(About this exercise):
Pictures excluded, copy all of the data below exactly.

(Given information):
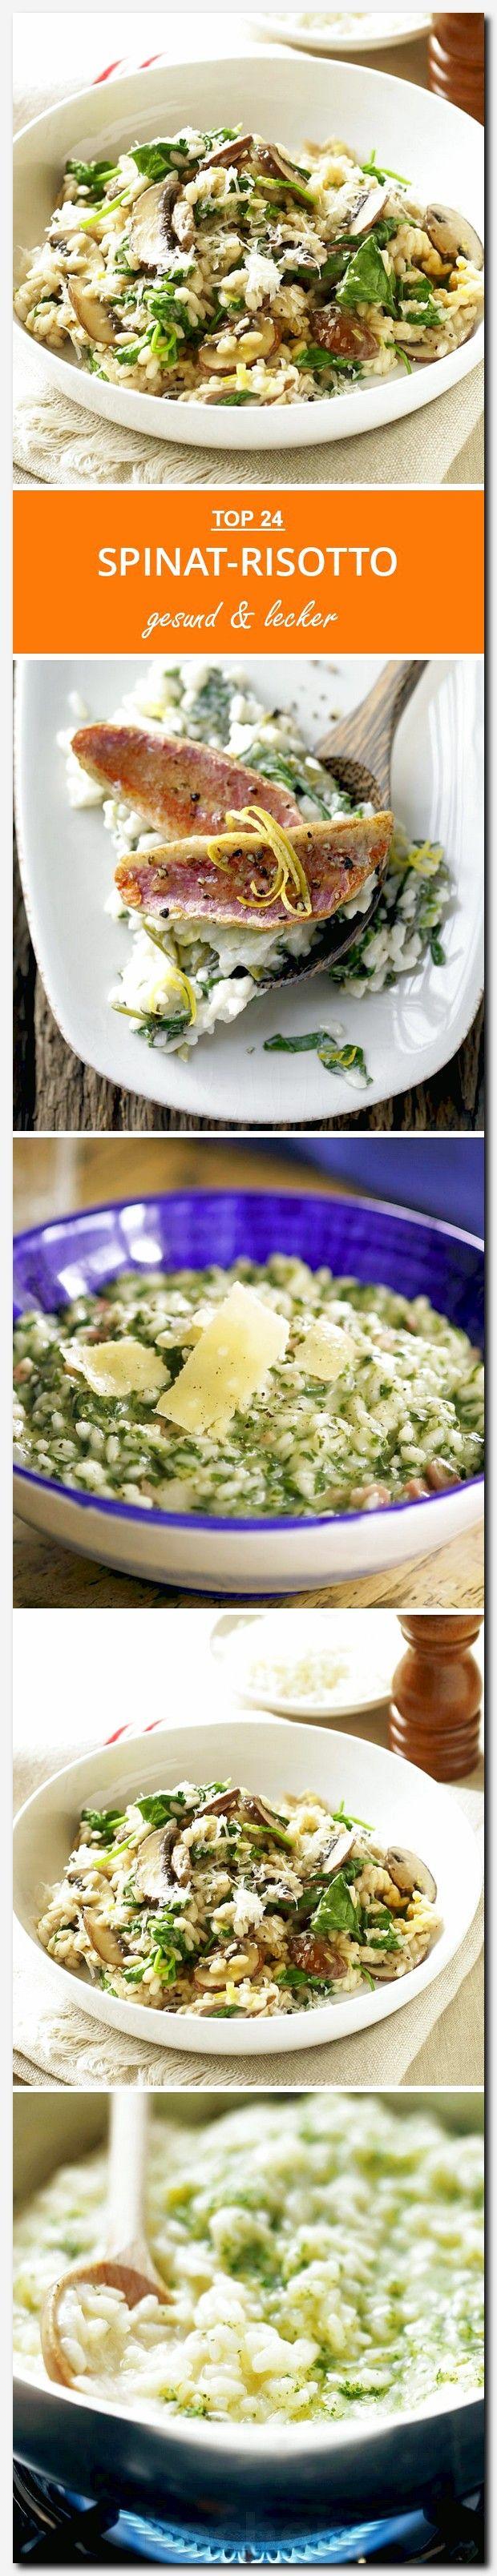 #kochen #vegetarisch italiaans voorgerecht vlees, ikors dips, lieblingsessen in frankreich, schnell gekocht rezepte einfach, leichtes abendessen warm, schnelle gerichte mittag, hirschschnitzel braten, spaghetti auflauf rezept, rezept zanderfilet, klink und nett rezepte, koken italiaans, backen osterreich, platzchen zutaten, galileo tv rezepte heute, rezepte grillen, leckeres aus omas kuche
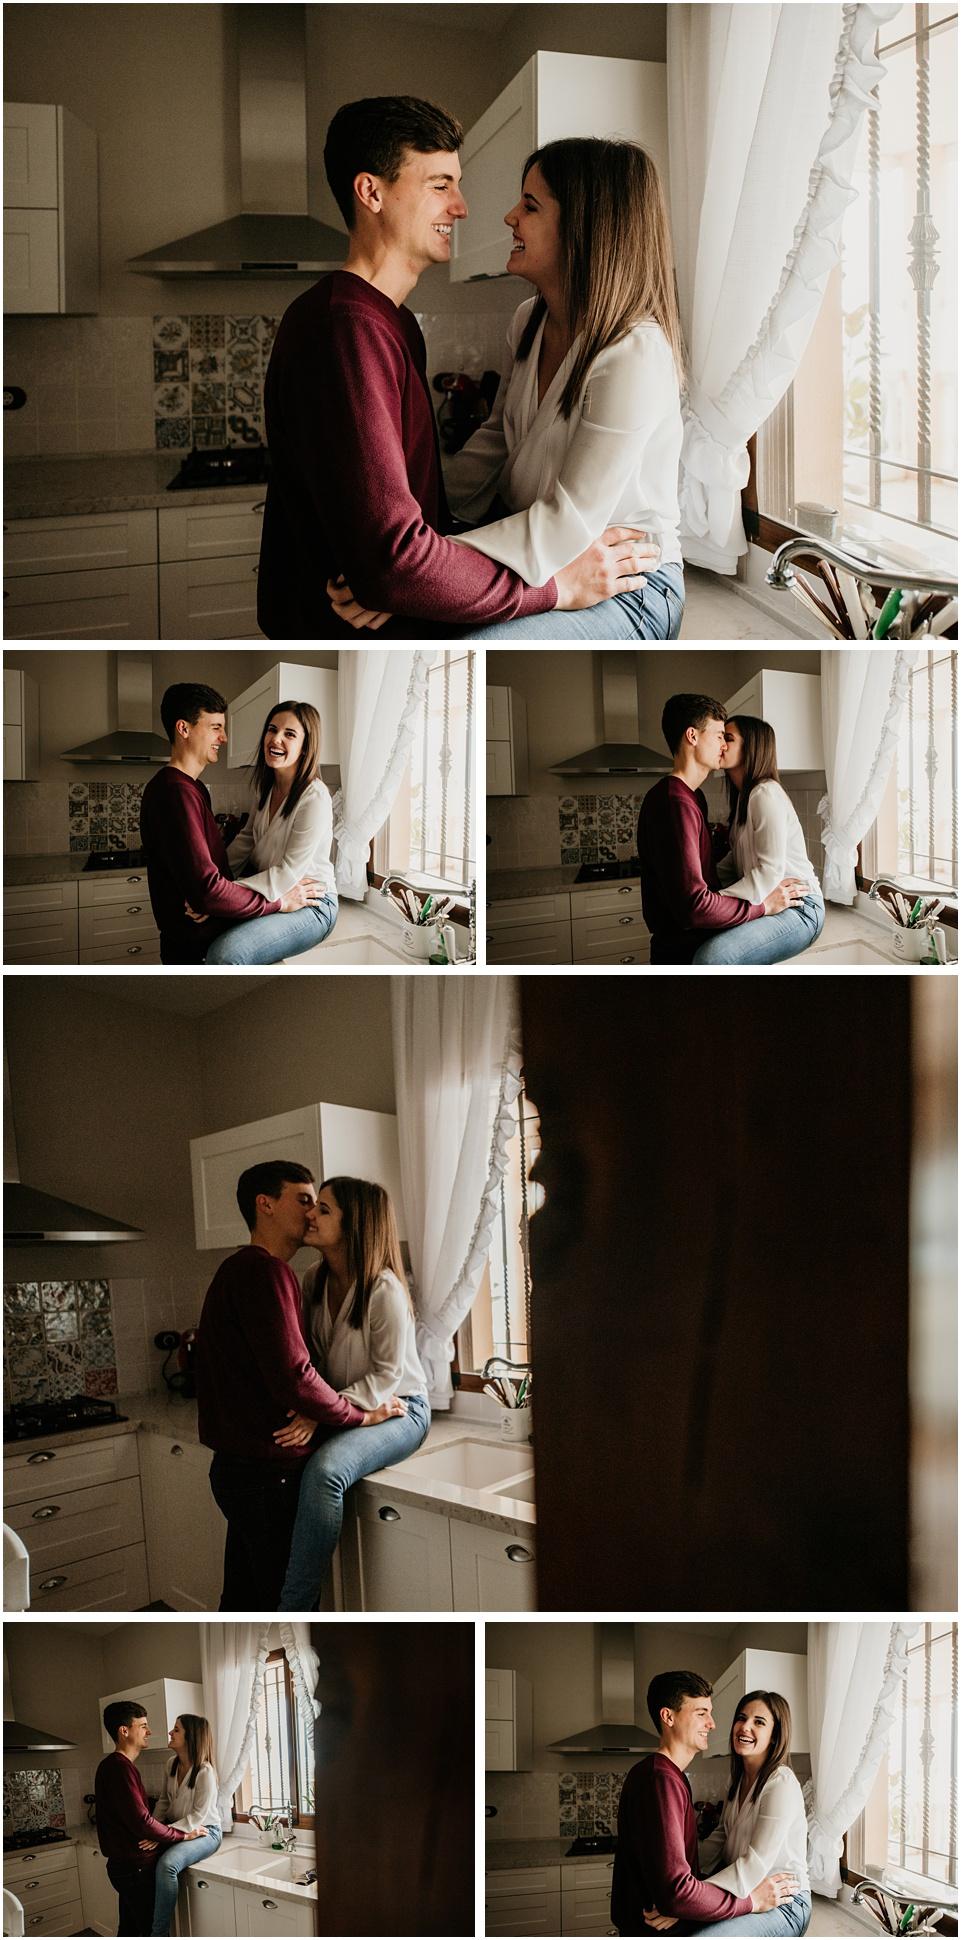 fotografia en pareja,fotografo de boda,fotografo de parejas,fotos de pareja,fotos en casa,jaen,sesion de pareja en casa,sesion en pareja,sesiones de pareja,
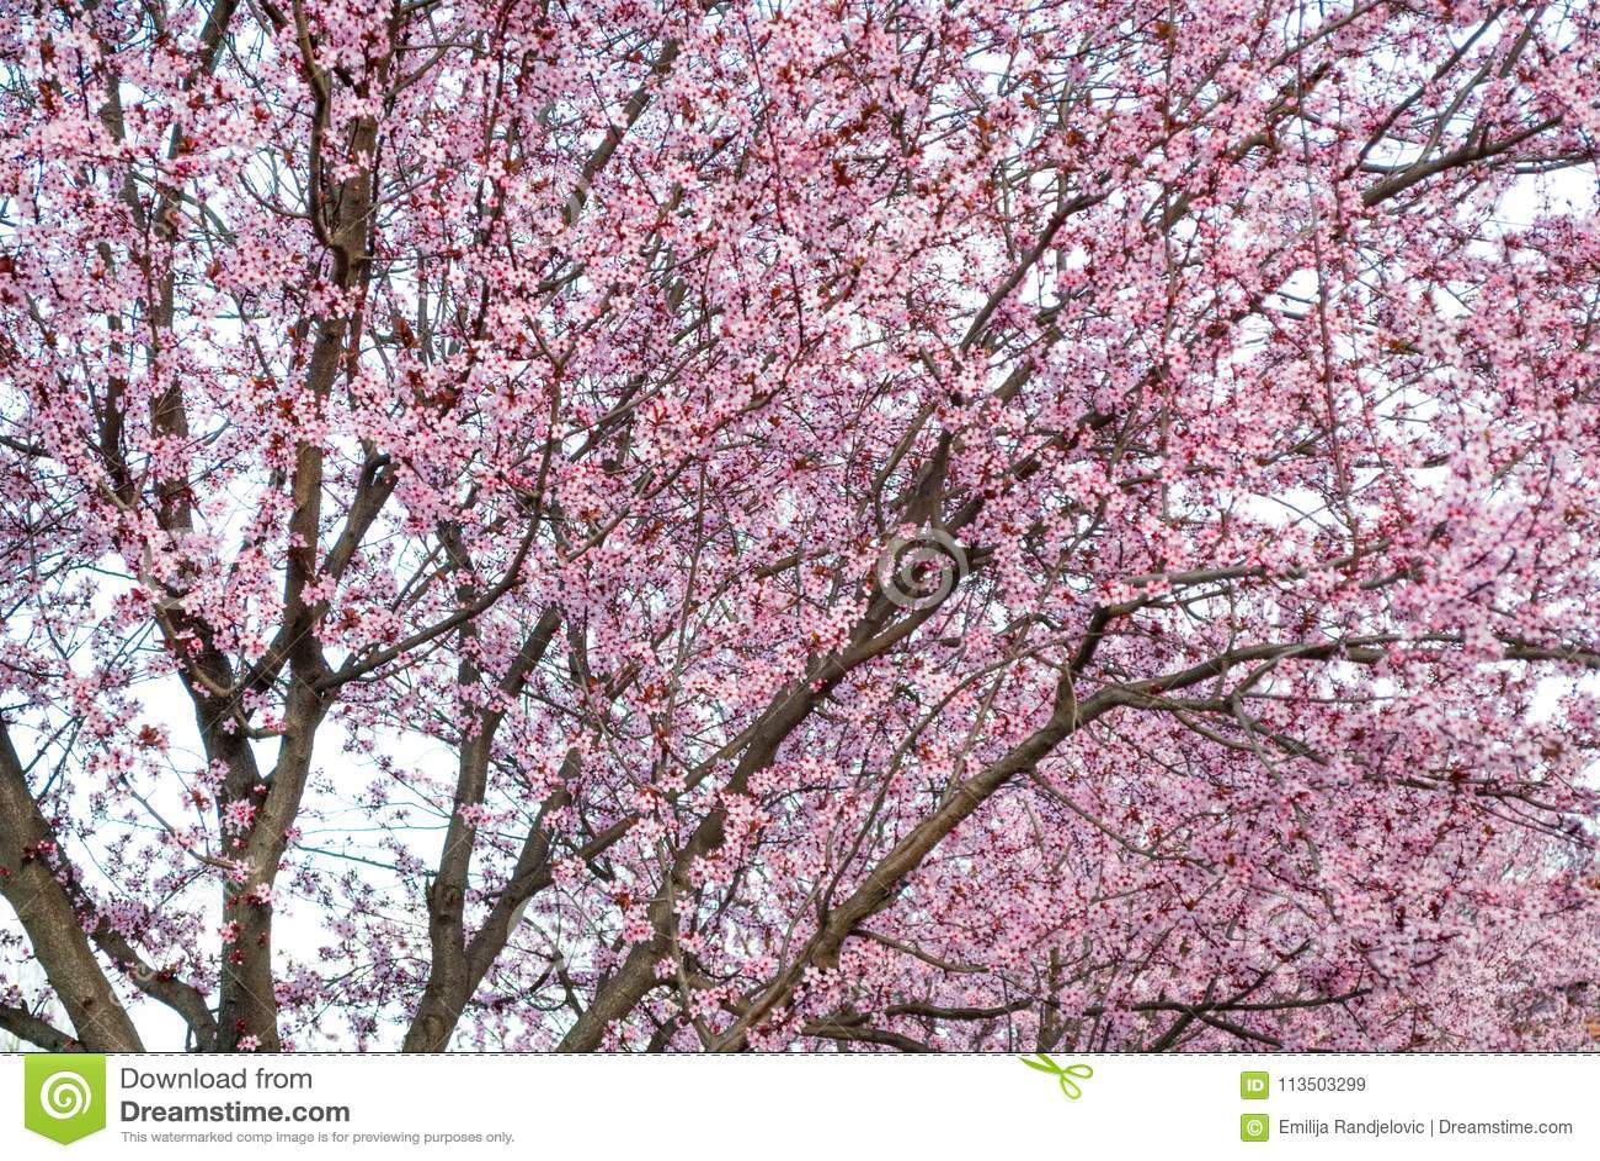 Fondo del fiore del ciliegio con colore rosa adorabile nel parco

(Solution to this exercise):
 #kochen #vegetarisch italiaans voorgerecht vlees, ikors dips, lieblingsessen in frankreich, schnell gekocht rezepte einfach, leichtes abendessen warm, schnelle gerichte mittag, hirschschnitzel braten, spaghetti auflauf rezept, rezept zanderfilet, klink und nett rezepte, koken italiaans, backen osterreich, platzchen zutaten, galileo tv rezepte heute, rezepte grillen, leckeres aus omas kuche
 fotografia en pareja,fotografo de boda,fotografo de parejas,fotos de pareja,fotos en casa,jaen,sesion de pareja en casa,sesion en pareja,sesiones de pareja,
 Fondo del fiore del ciliegio con colore rosa adorabile nel parco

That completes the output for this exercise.